• EXERCISE INPUT
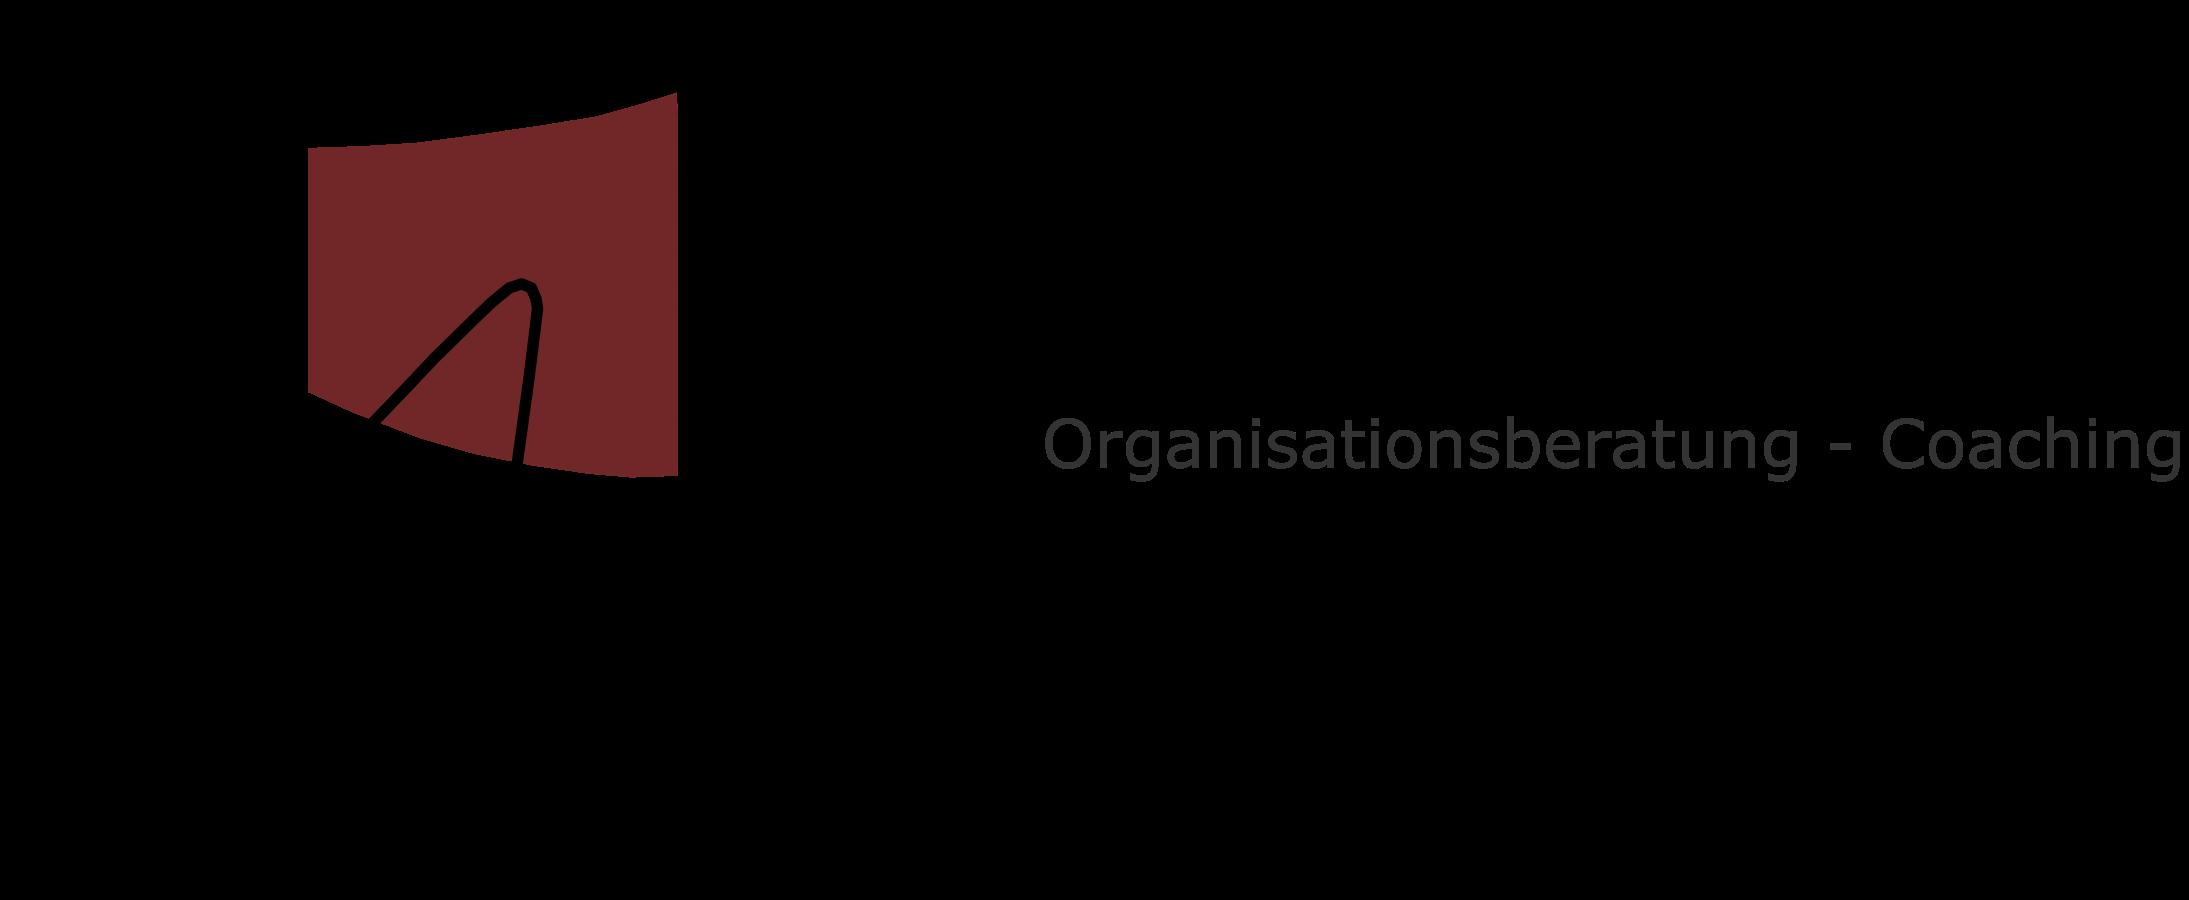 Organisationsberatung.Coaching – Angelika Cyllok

* * *

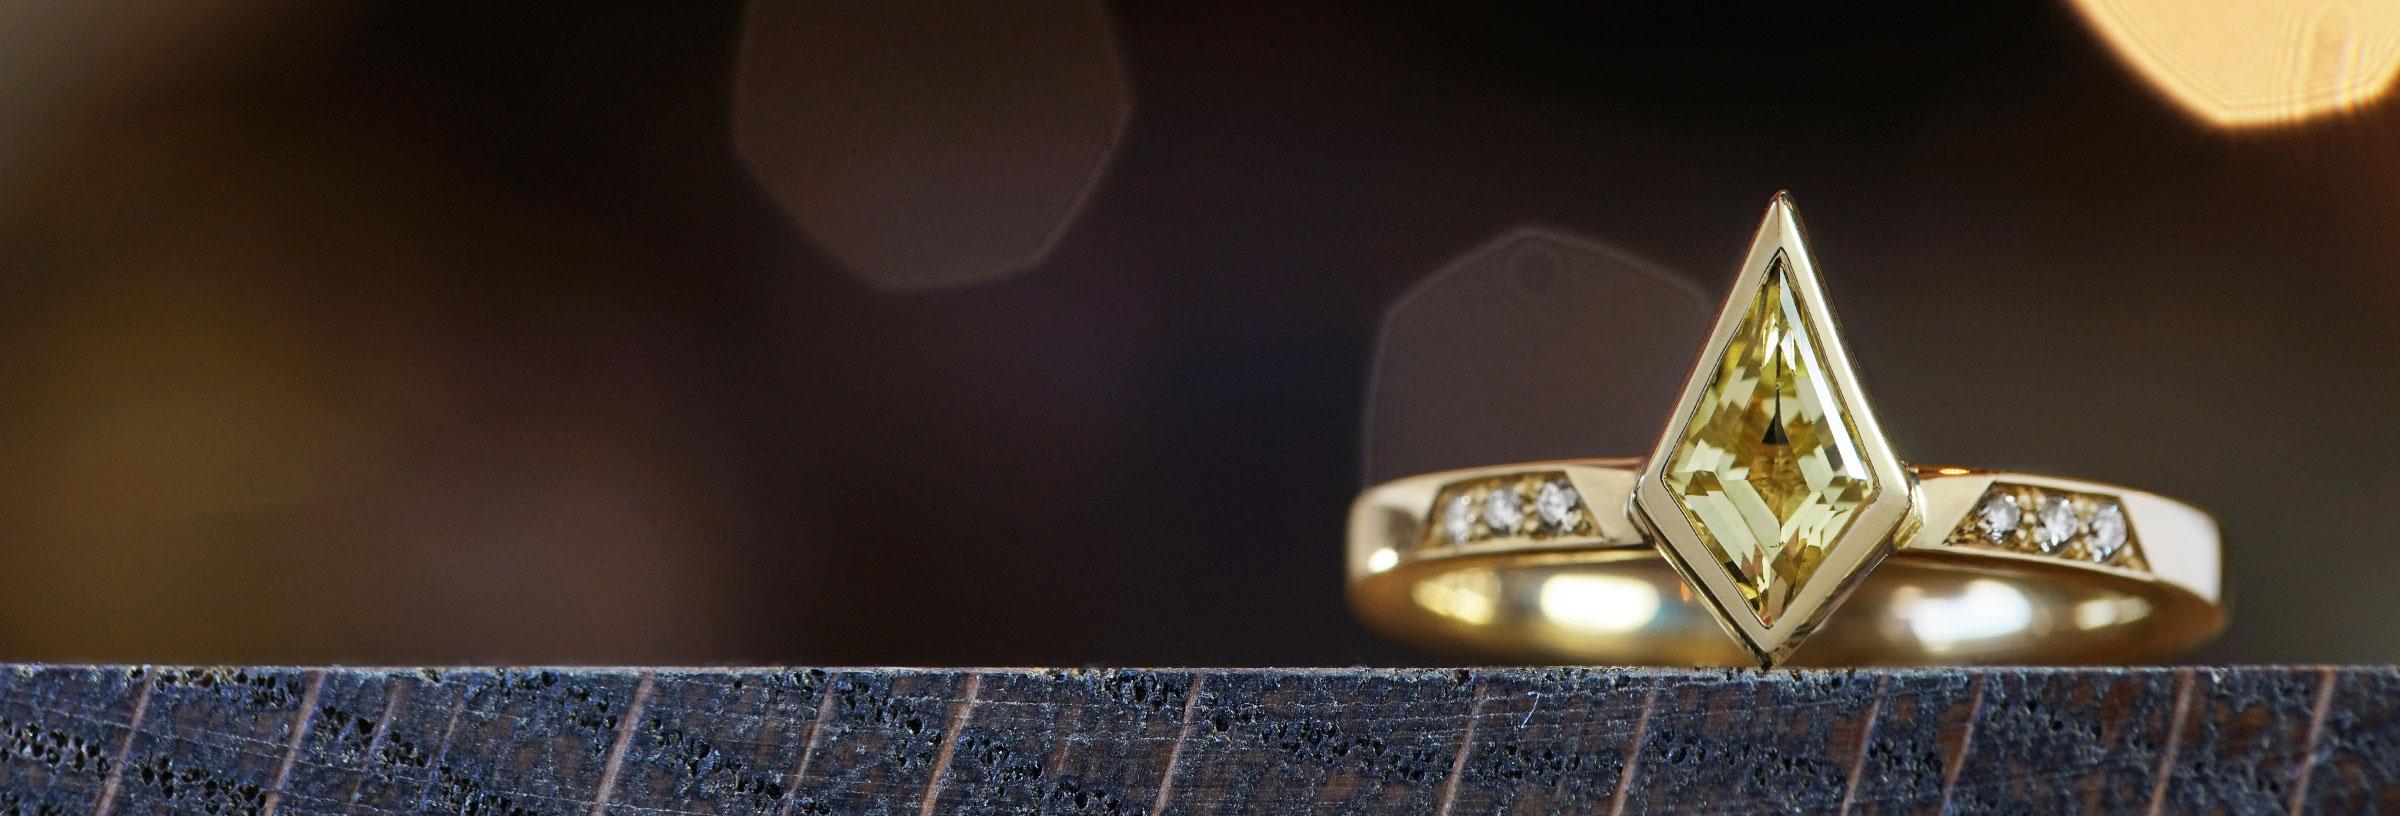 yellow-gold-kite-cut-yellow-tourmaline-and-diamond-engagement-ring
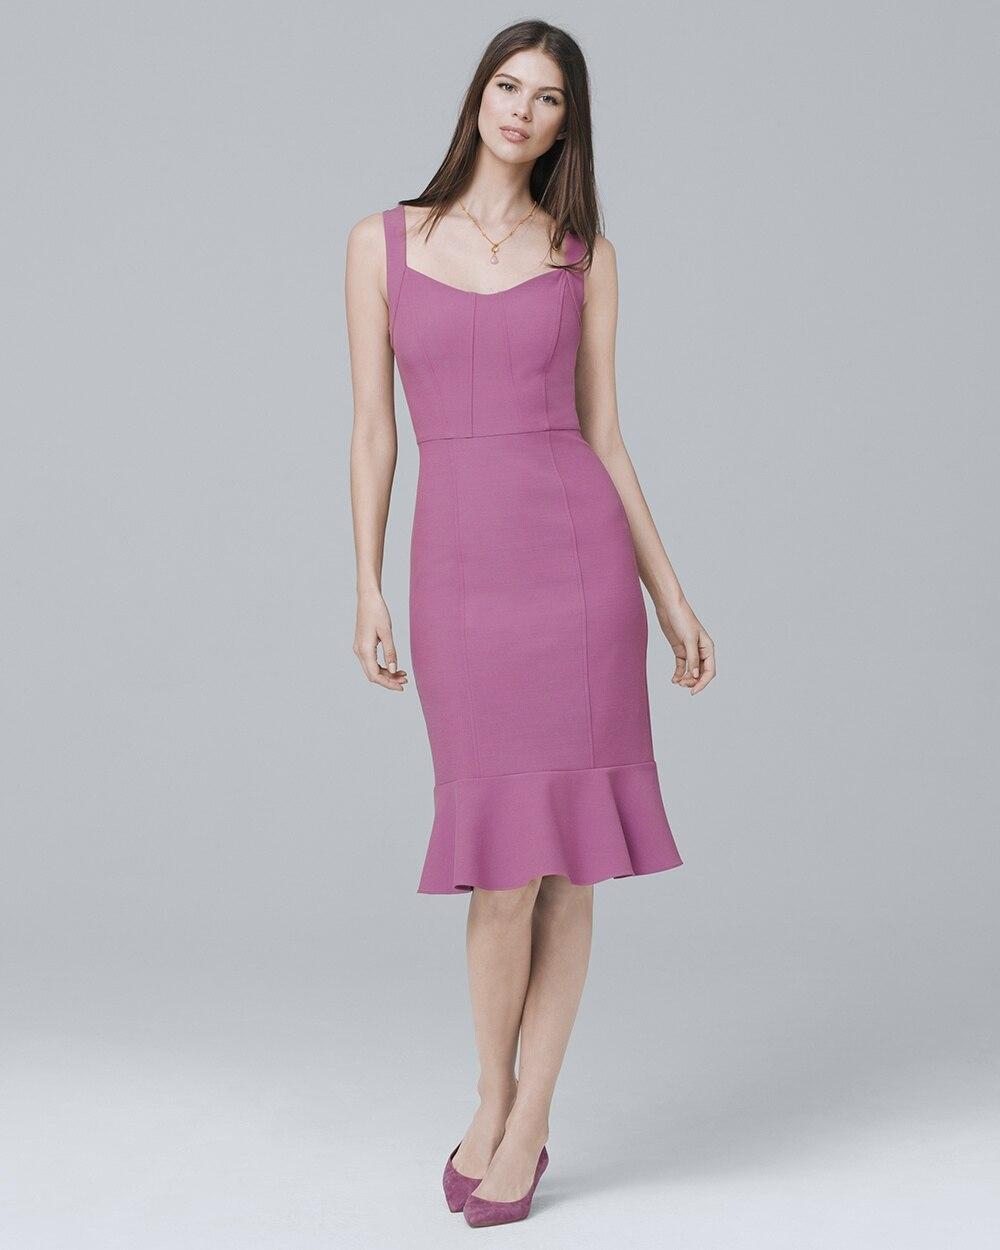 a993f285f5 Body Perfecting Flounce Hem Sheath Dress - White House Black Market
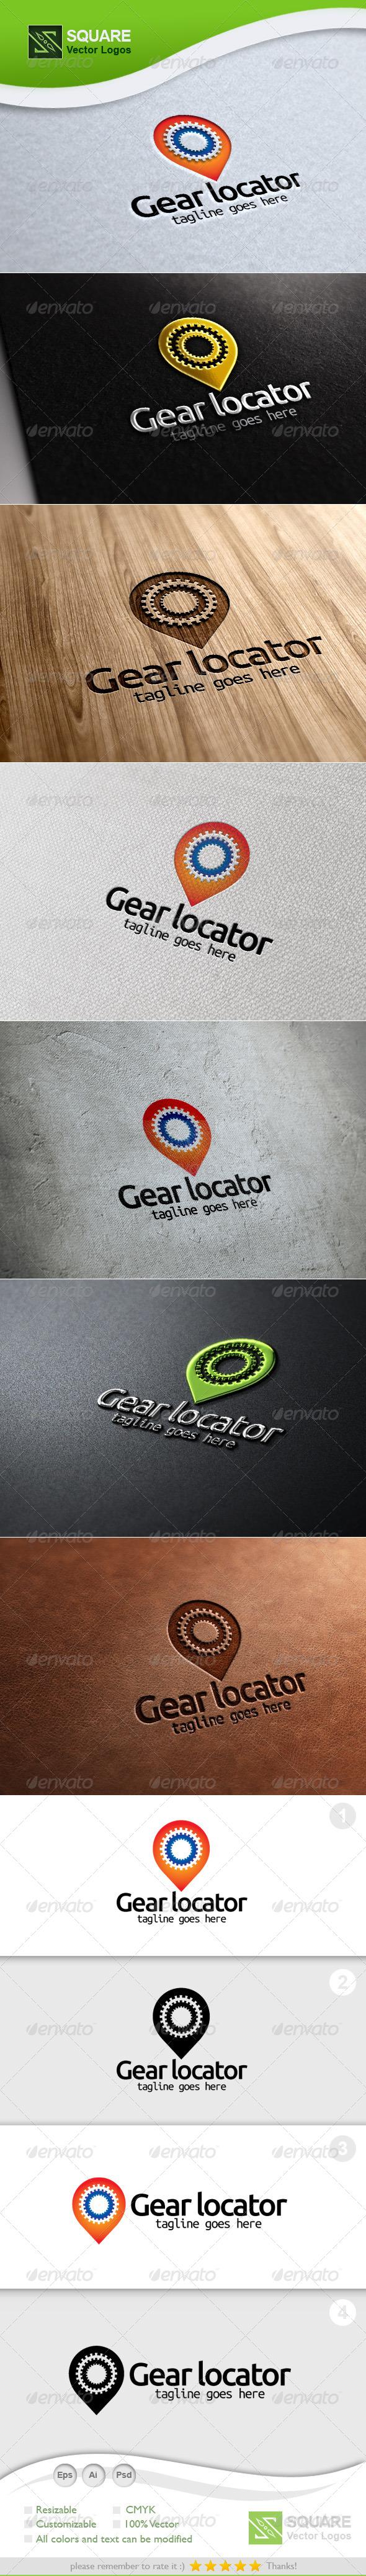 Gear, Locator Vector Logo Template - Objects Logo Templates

* * *

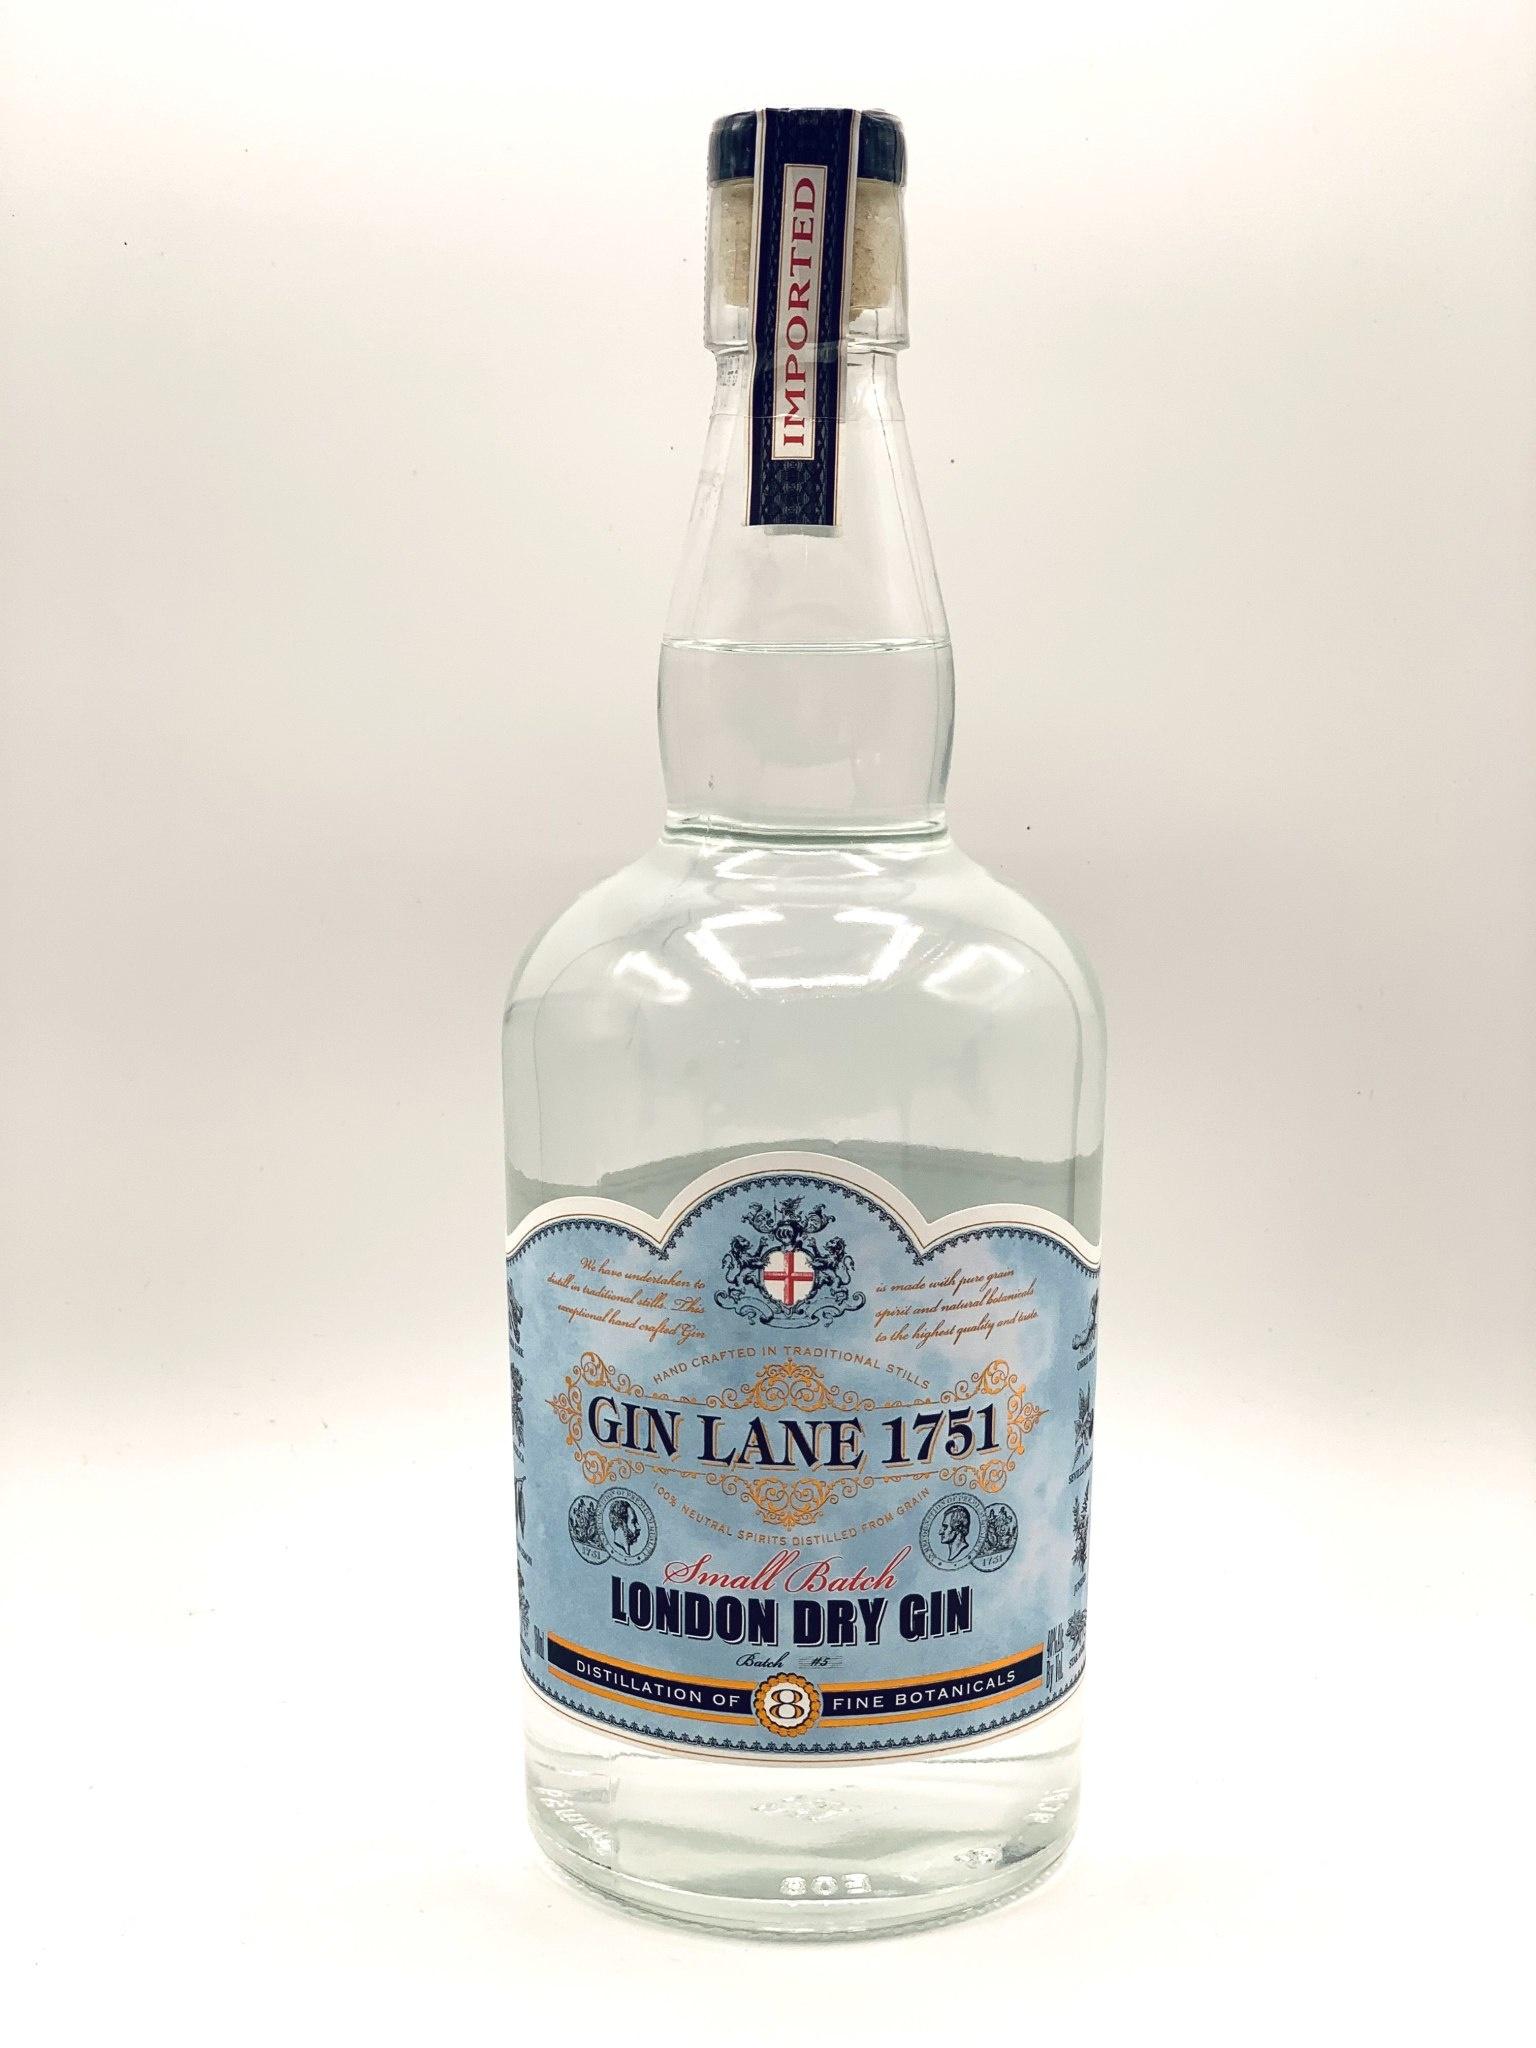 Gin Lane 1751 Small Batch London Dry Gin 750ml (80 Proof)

• WORK INSTRUCTIONS
Lines from the one above containing "a993f285f5 Body Perfecting" down to the one containing "Gear, Locator Vector" should be transcribed exactly, with both ends kept and no pictures.

• RESULT BELOW
 a993f285f5 Body Perfecting Flounce Hem Sheath Dress - White House Black Market
 Gear, Locator Vector Logo Template - Objects Logo Templates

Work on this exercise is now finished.